Task item: Would you write out each line of the material below exactly, skipping every picture?

Data excerpt:
+ + + + +

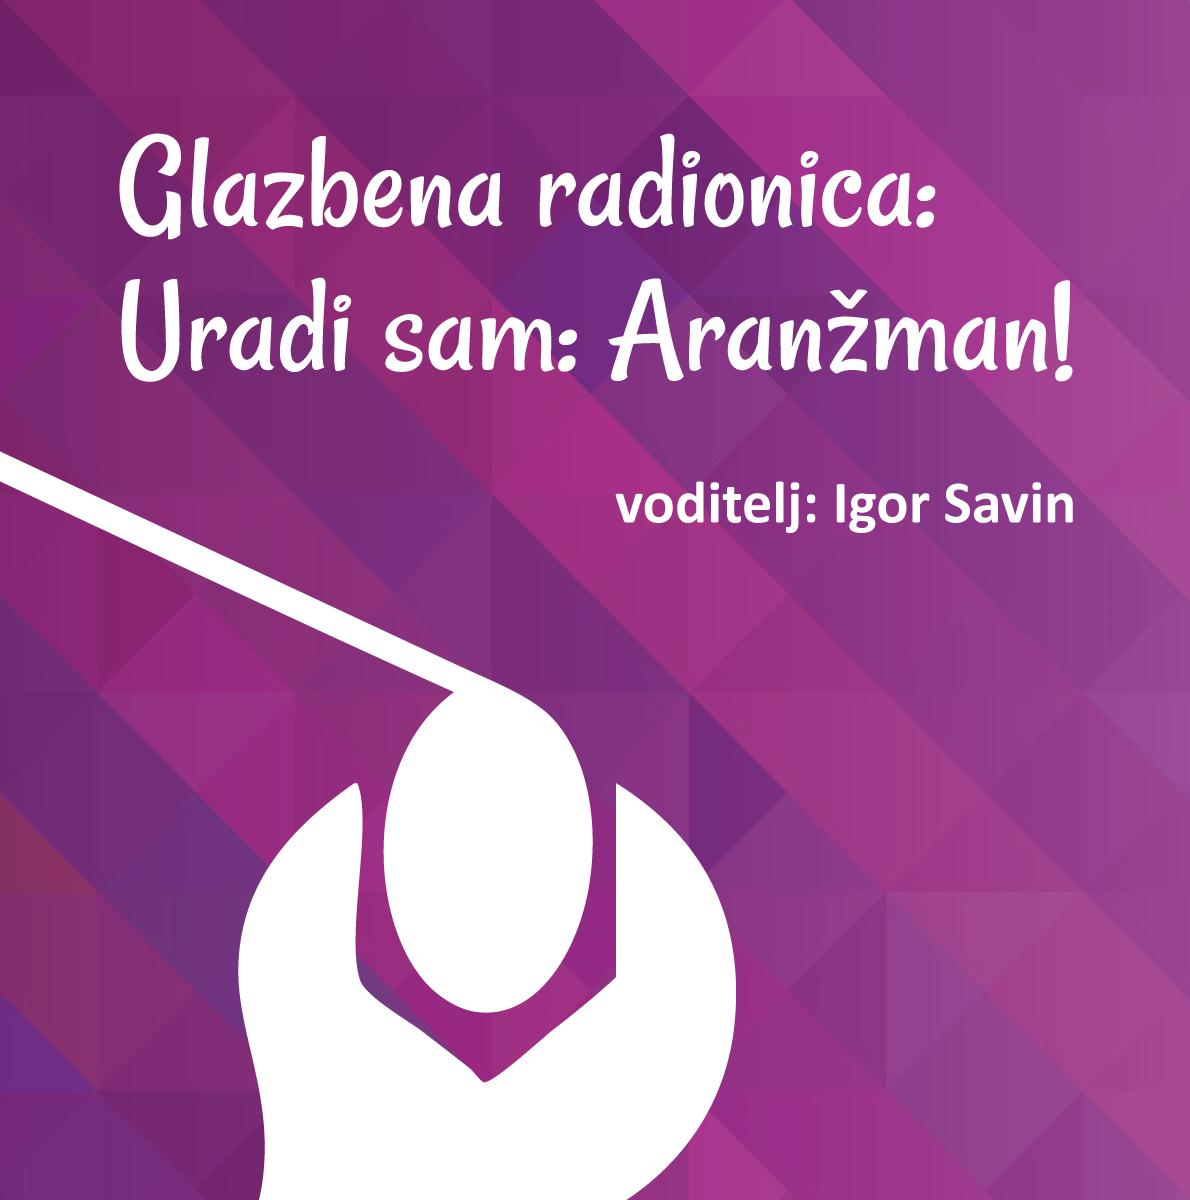 Glazbena radionica – Uradi sam: Aranžman!
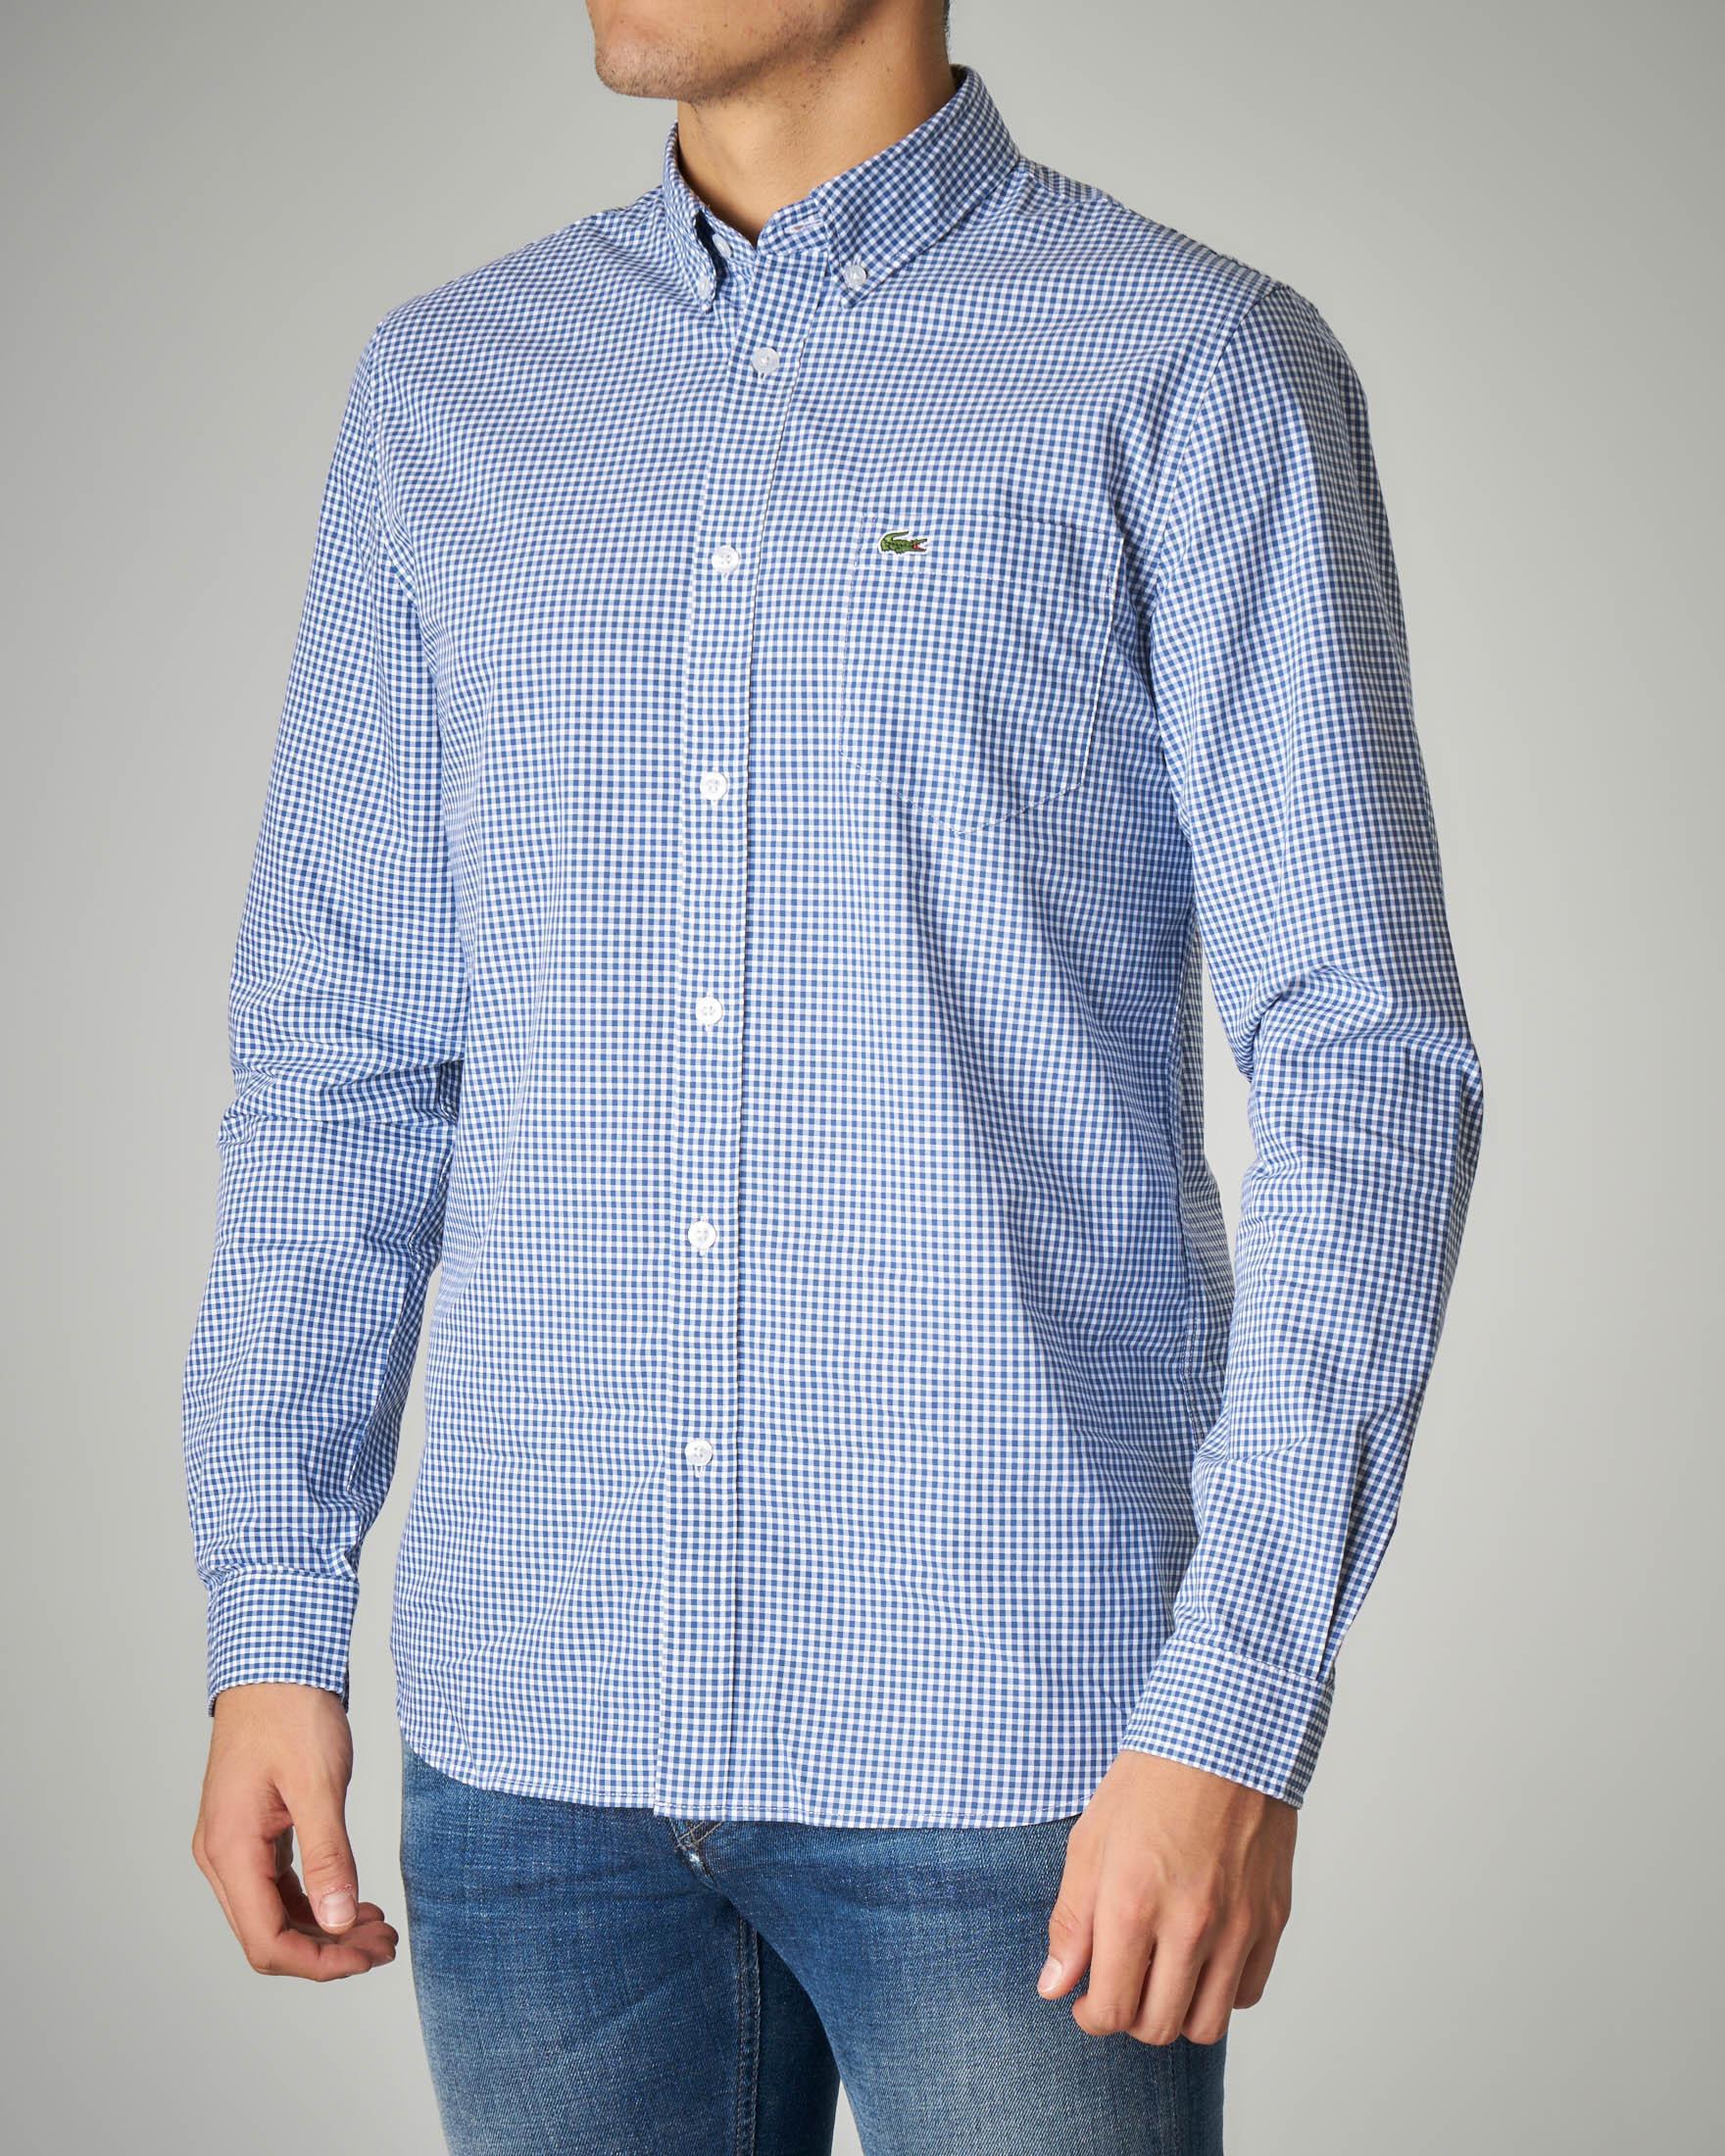 Camicia azzurra a quadretti con taschino
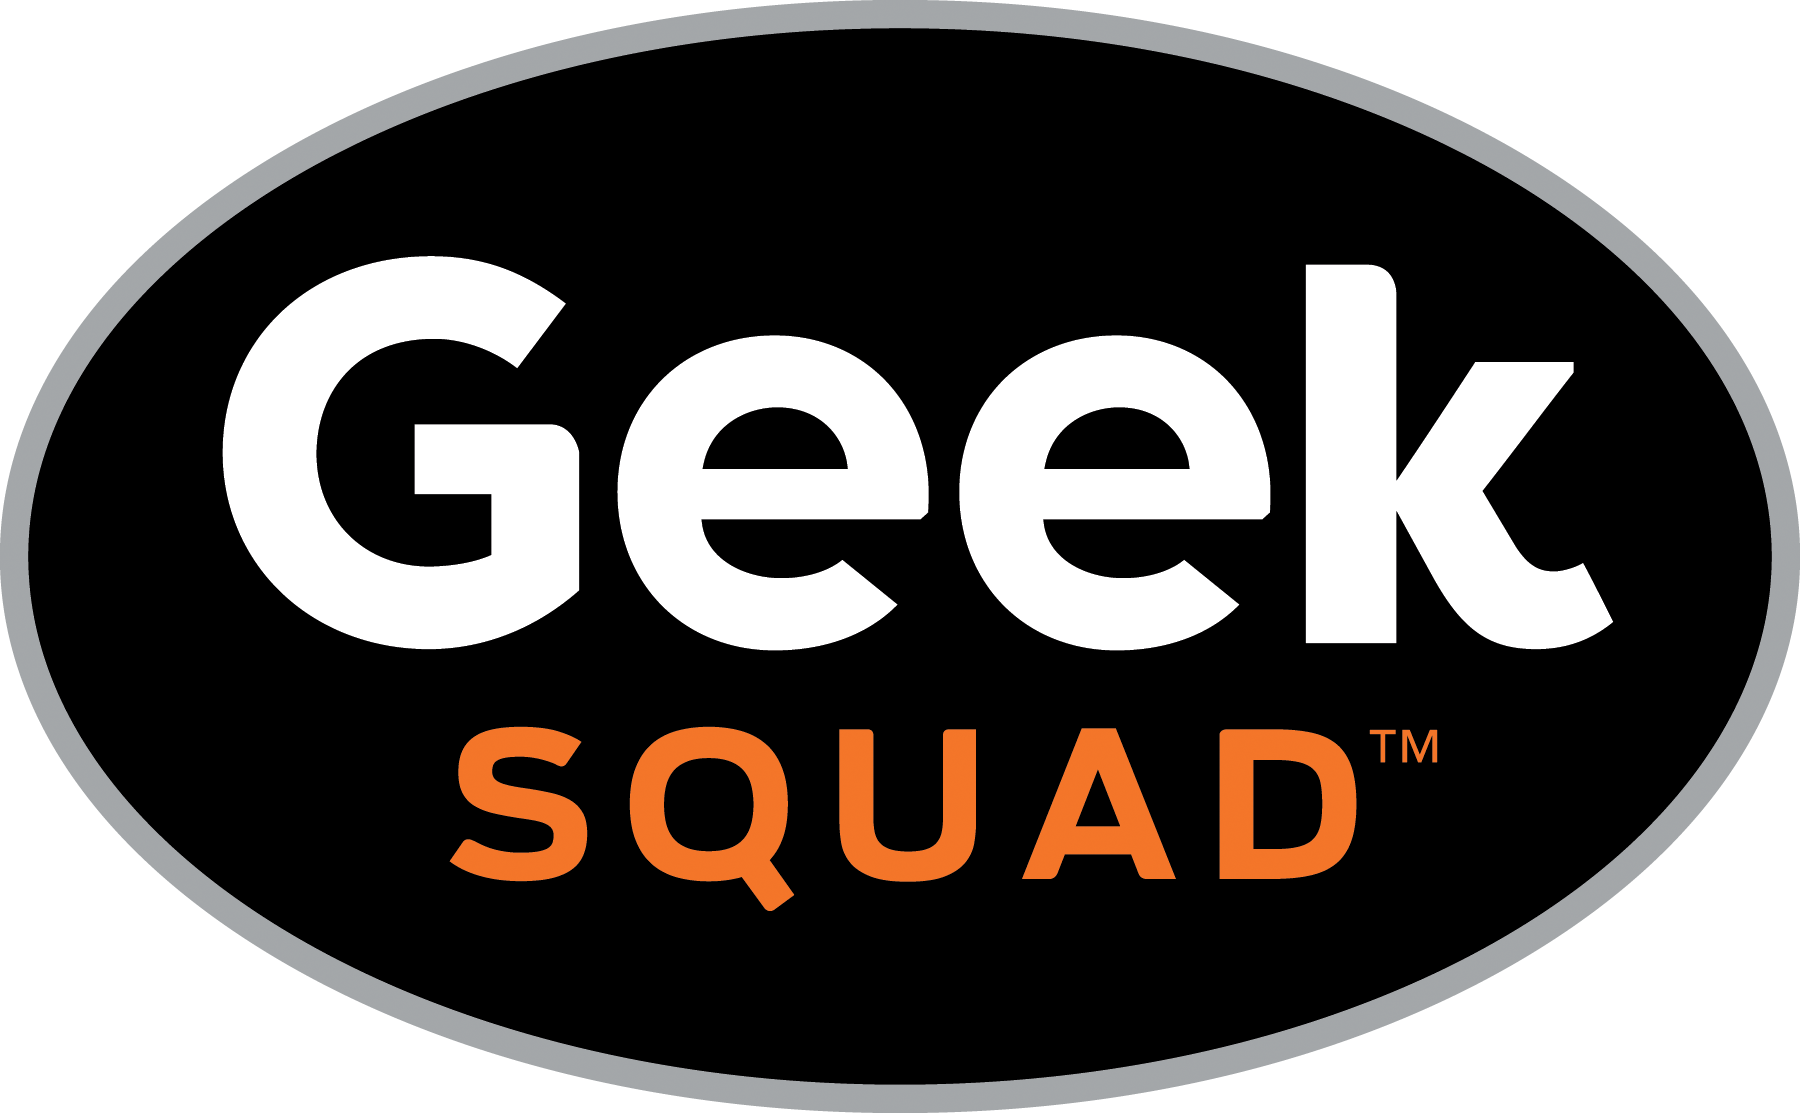 File:Geek Squad logo.png.
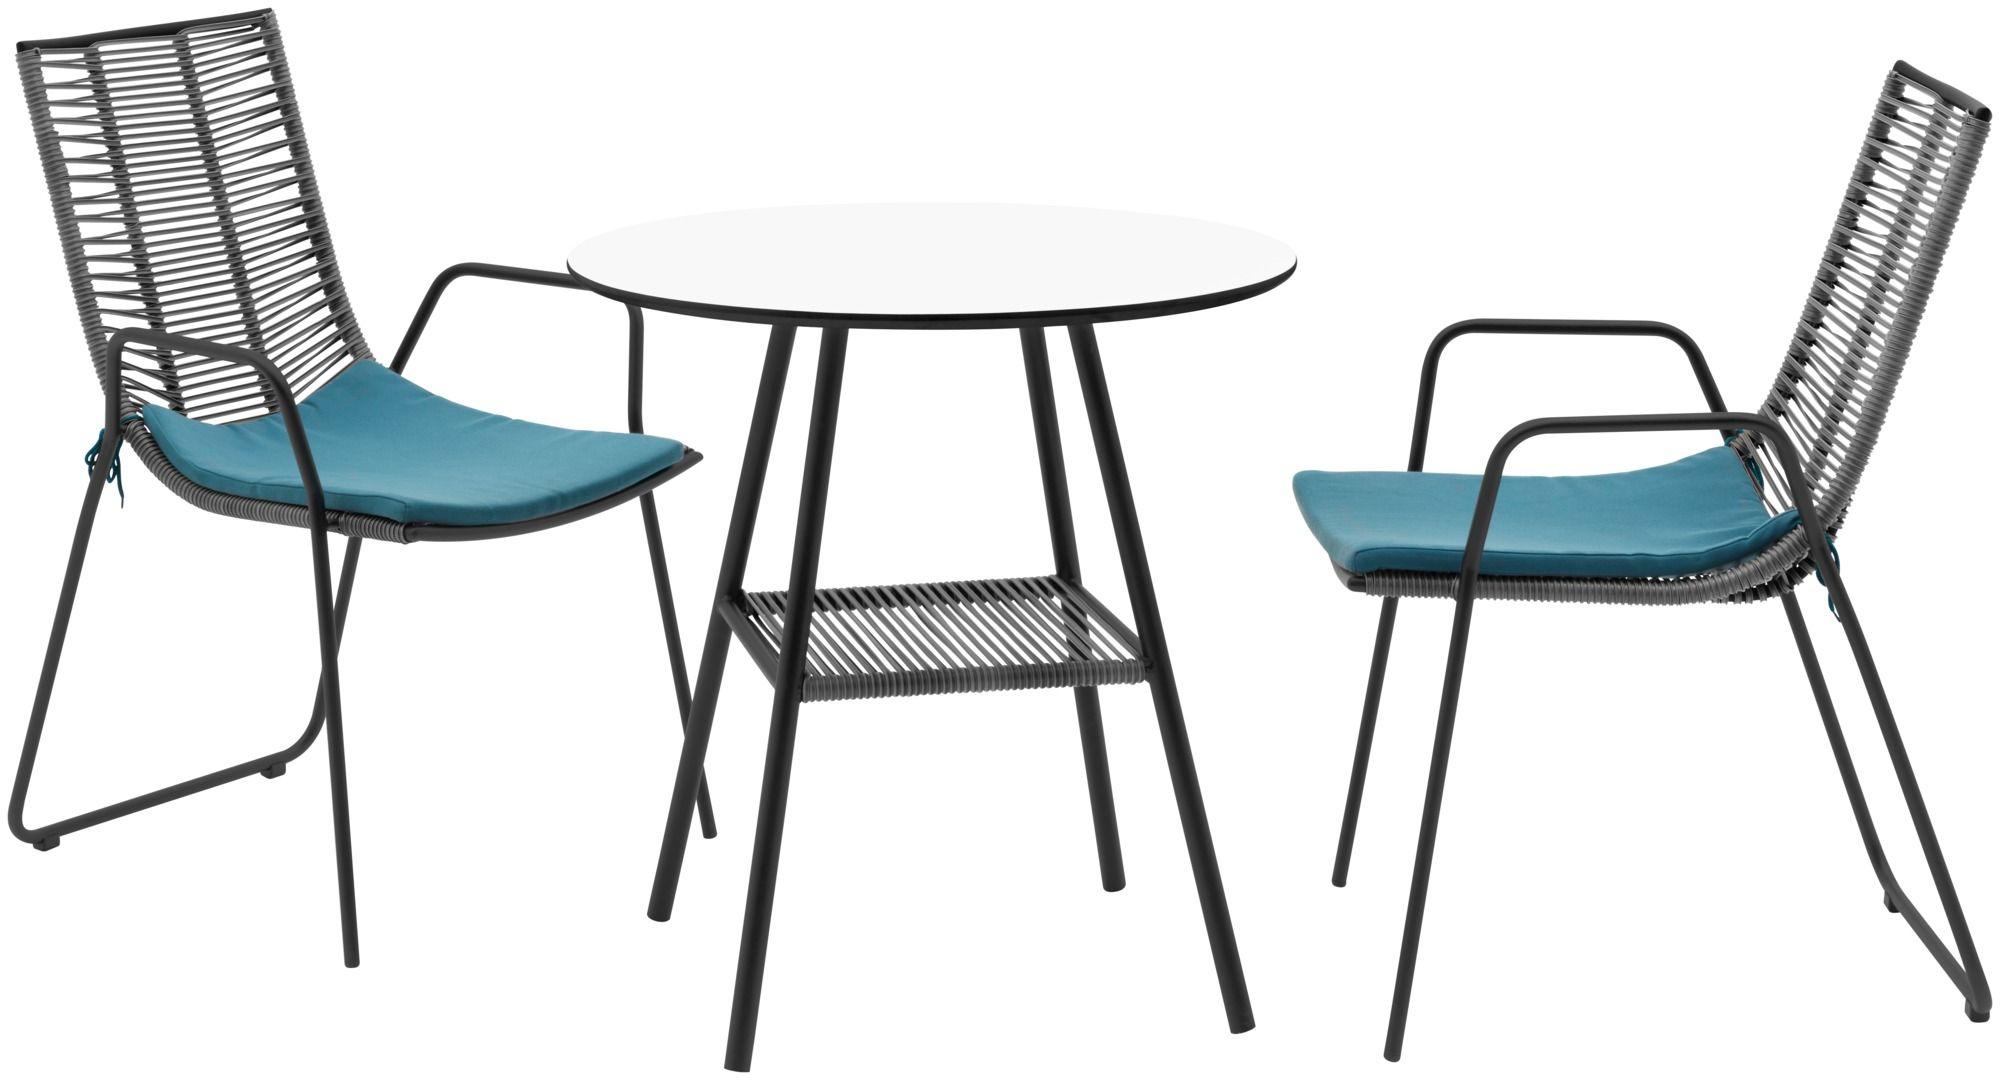 Gartenmbel online kaufen simple shine tisch teak jetzt - Boconcept liege ...

+ + + + +

Expected answer:
 Glazbena radionica – Uradi sam: Aranžman!
 Camicia azzurra a quadretti con taschino
 File:Geek Squad logo.png.
 Gartenmbel online kaufen simple shine tisch teak jetzt - Boconcept liege ...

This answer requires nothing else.